• [Exercise directions] Copy out every line of the data exactly; do not include the images.
───── Available data
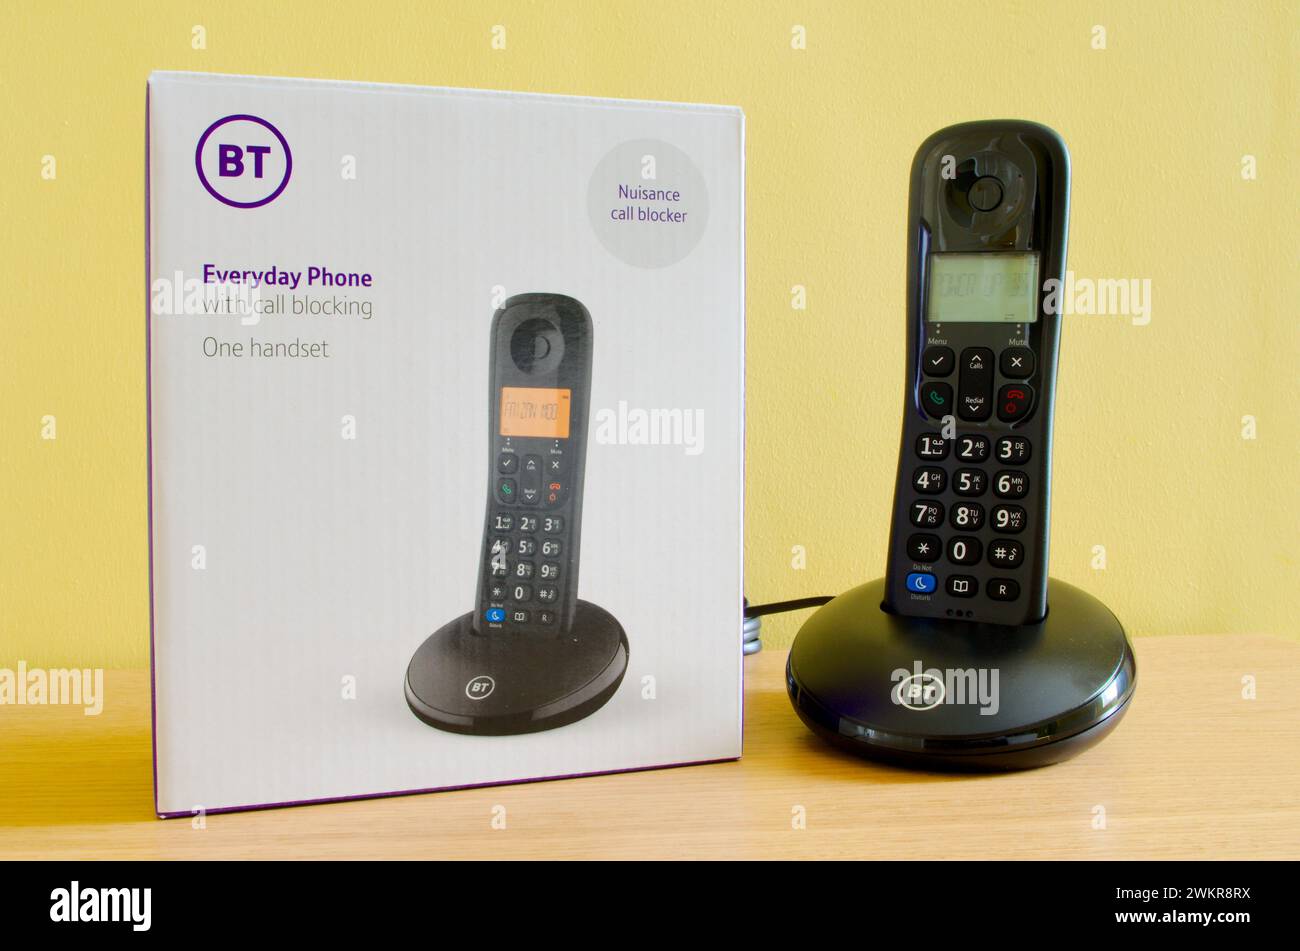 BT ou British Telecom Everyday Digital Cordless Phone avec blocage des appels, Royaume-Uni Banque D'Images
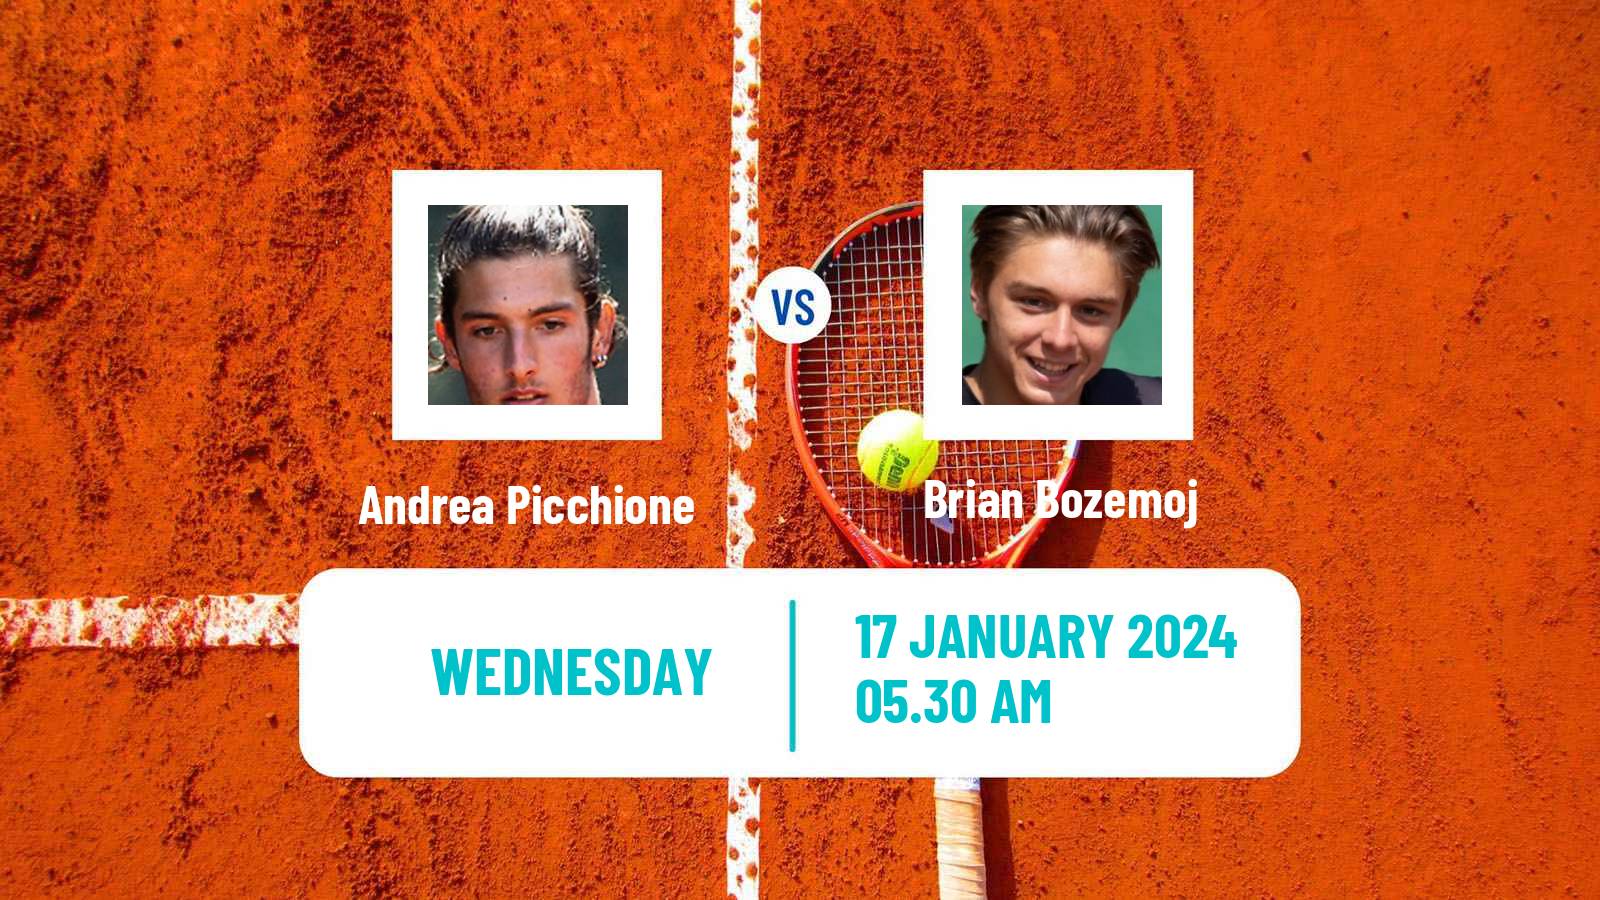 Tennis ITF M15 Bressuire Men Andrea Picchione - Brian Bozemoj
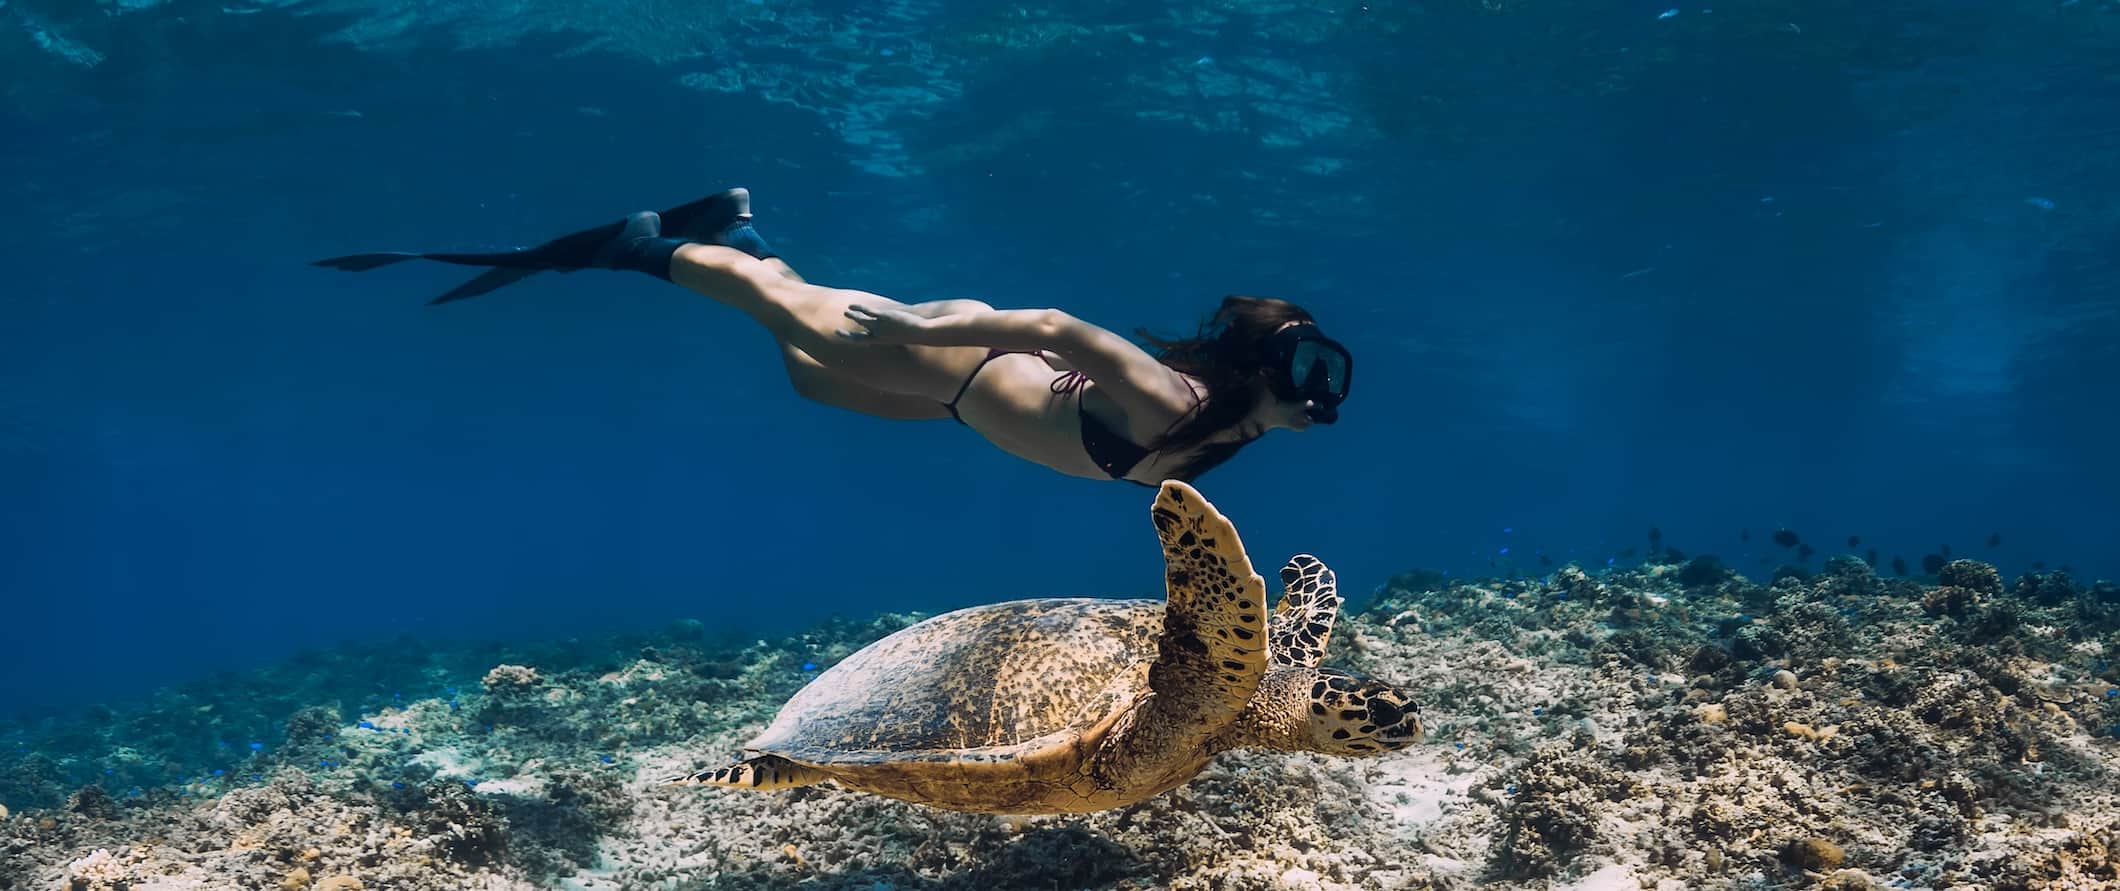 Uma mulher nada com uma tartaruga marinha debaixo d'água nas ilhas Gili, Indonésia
──────────
• [Your response]
 BT ou British Telecom Everyday Digital Cordless Phone avec blocage des appels, Royaume-Uni Banque D'Images
 Tennis ITF M15 Bressuire Men Andrea Picchione - Brian Bozemoj
 Uma mulher nada com uma tartaruga marinha debaixo d'água nas ilhas Gili, Indonésia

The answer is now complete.